Neurological tumours Flashcards
Epidemiology of primary brain tumours
10 in 100,000
Aetiology of brain tumours
- Definitive cause is often unknown
- Various inherited conditions increase risk of intracranial tumour development
- Environmental: immunosuppression, HIV
- Brain irradiation e.g. used to treat childhood leukaemia, increases risk of tumours, especially meningiomas
Pathogenesis of brain tumours
- Tumours are either benign or malignant but important to note that even benign IC tumours can cause severe destruction of surrounding structures
- Malignant IC tumours rarely metastasise outside the nervous system
Clinical features of brain tumours
- Raised ICP, herniation
- Acute/ chronic focal neurological deficits
- Seizures
- Headaches
- Changes in mental status
- Hydrocephalus
Clinical features of IC tumours based on location
- Frontal lobe: contralateral weakness of arm, leg or face, personality change, expressive speech dysfunction if dominant hemisphere affected
- Parietal lobe: contralateral sensory deficit in face, arm or leg, visual field defect
- Temporal lobe: receptive speech dysfunction (if dominant hemisphere affected), visual field defect
- Occipital lobe: visual field defect, cortical blindness
- Sellar regional cavernous sinus syndrome (CNIII - VI deficits), endocrine dysfunction, optic chiasm compression
- Brain stem: cranial nerve lesion, decreased consciousness
- Cerebellum: dysdiadochokinesia, ataxia, intention tremor, nystagmus
Classic features of brain tumour headaches
- Worse in morning
- Exacerbated by coughing or straining
- N&V
Effects of benign tumours
- Blindness due to optic nerve compression
- Paralysis by pressing on primary motor cortex
- Life-threatening hydrocephalus by obstructing ventricular system
Diagnosis of intracranial tumours
- Imaging + biopsy if needed
- Plain CT: confirms presence of space occupying lesion
- Subsequent contrast enhanced CT shows tumours as ring enhancing
- Diffusion weighted MRI can better differentiate between a tumour and an abscess
What are gliomas?
- Tumours that originate from neuroepithelial glial cells
- >70% primary brain tumours are gliomas, mainly astrocytomas
- Glioblastoma multiforme is the most common high-grade tumour
Types of gliomas
Low grade: WHO grade 1&2
- Pilocytic astrocytomas (grade 1) are well-circumscribed low grade gliomas, they grow slowly and can be cured by surgical resection.

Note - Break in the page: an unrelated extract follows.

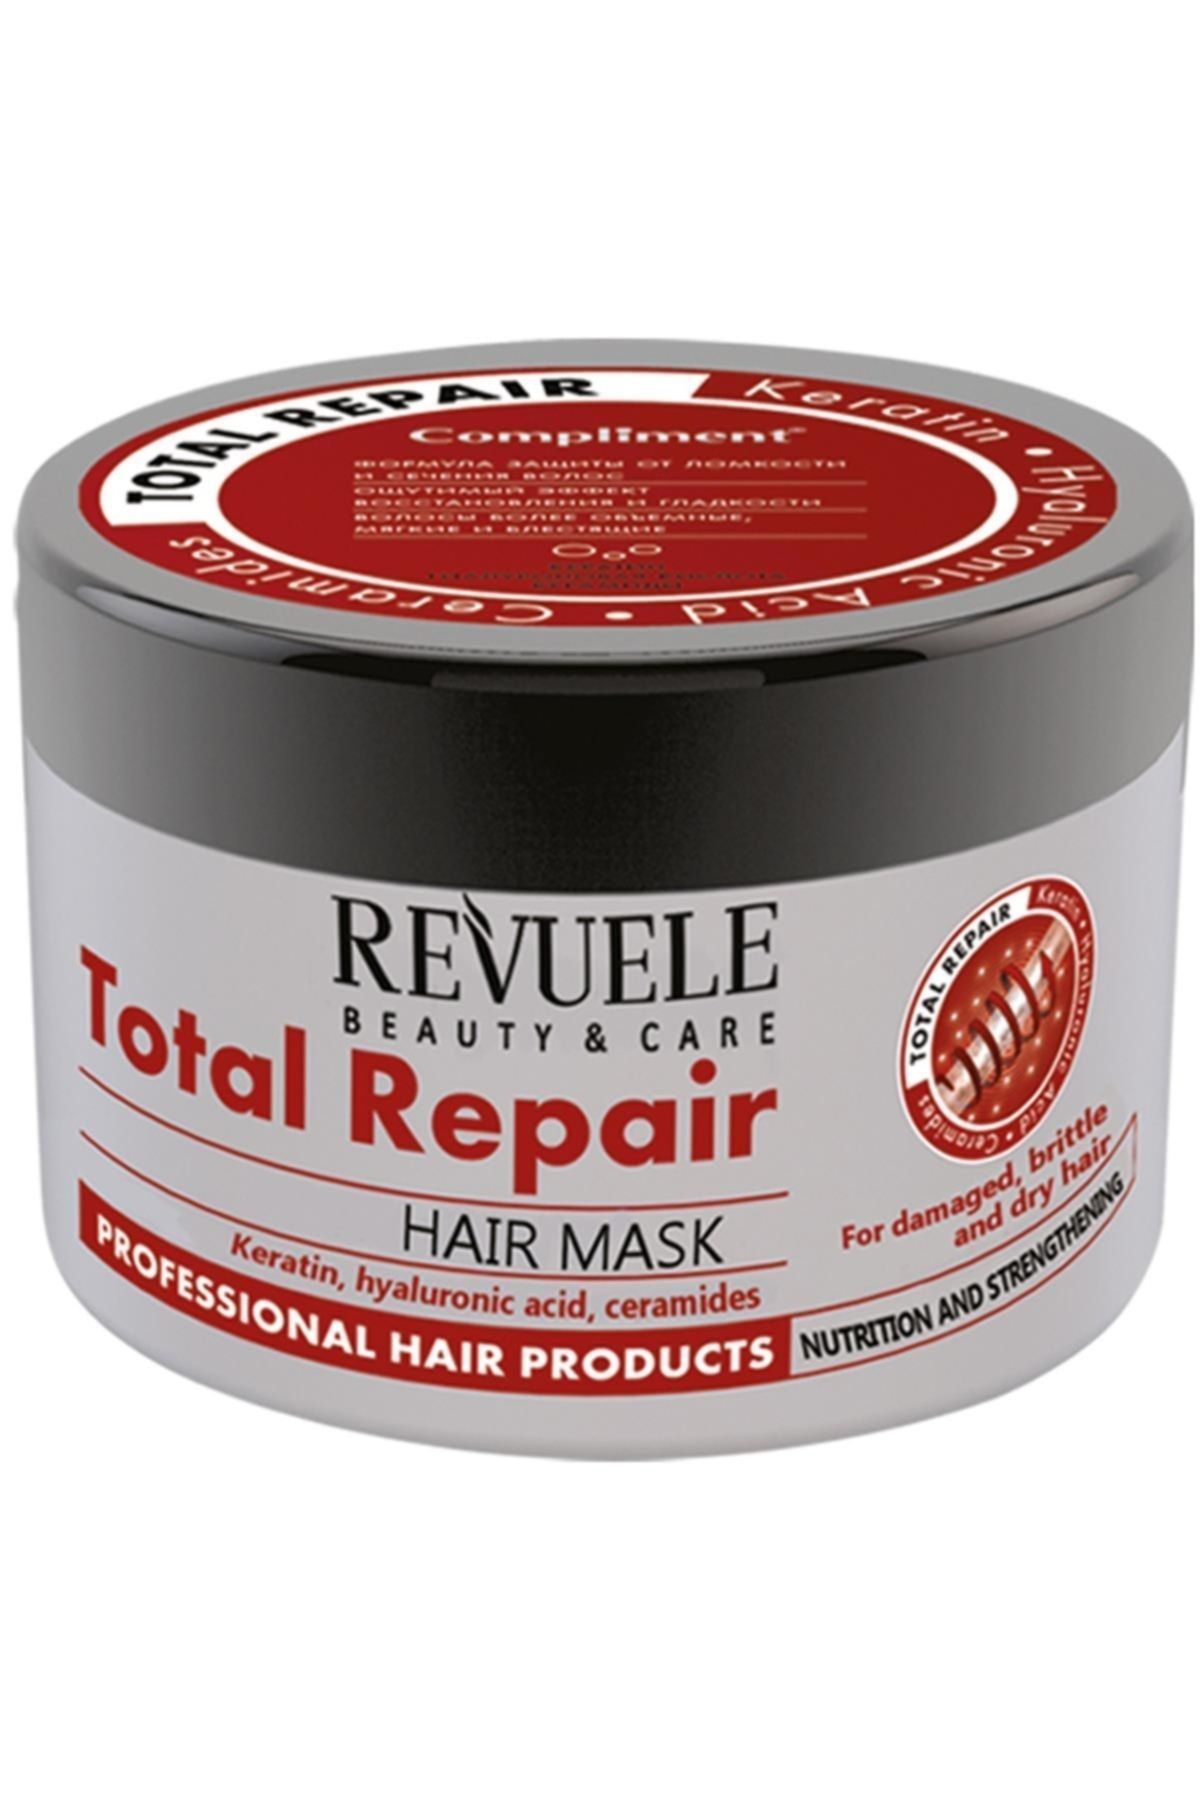 Total repair маска. Маска compliment total Repair. Compliment маска для волос. Маска для волос total Repair. Маска для волос комплимент total Repair с кератином.

They arise in the optic pathway or hypothalamus in association with neurofibromatosis type 1
Grade 2 tumours
- E.g. diffuse astrocytomas often lack a margin between tumour and non-tumour tissue, making resection more difficult. Grade 2 tumours are more likely to evolve into higher grade tumours
- Ependymal and oligodendrocytic tumours are less common than astrocytomas but investigation and management are similar
High grade: WHO grade 3&4
- Glioblastoma multiforme is grade 4
Clinical features of gliomas
- Present similarly to other IC tumours
- Seizures, as a presentation, are more common with lower grade tumours
Management of gliomas
- Symptomatic grade 1 gliomas are surgically removed, location permitting
- Grade 2: watch and wait with serial imaging and clinical assessment, surgery, xRT, chemo, a combination of surgery, xRT and chemo
- No study has shown one is better than the other
- Partial removal of the tumour can also be beneficial
- Important to image the tumour to find areas that appear to be high grade so these areas can be biopsied - heterogeneity of tumours…
What is glioblastoma multiforme?
- Grade 4 glioma of astrocyte origin
- Most common malignant primary brain tumour (12-15% of all primary brain tumours)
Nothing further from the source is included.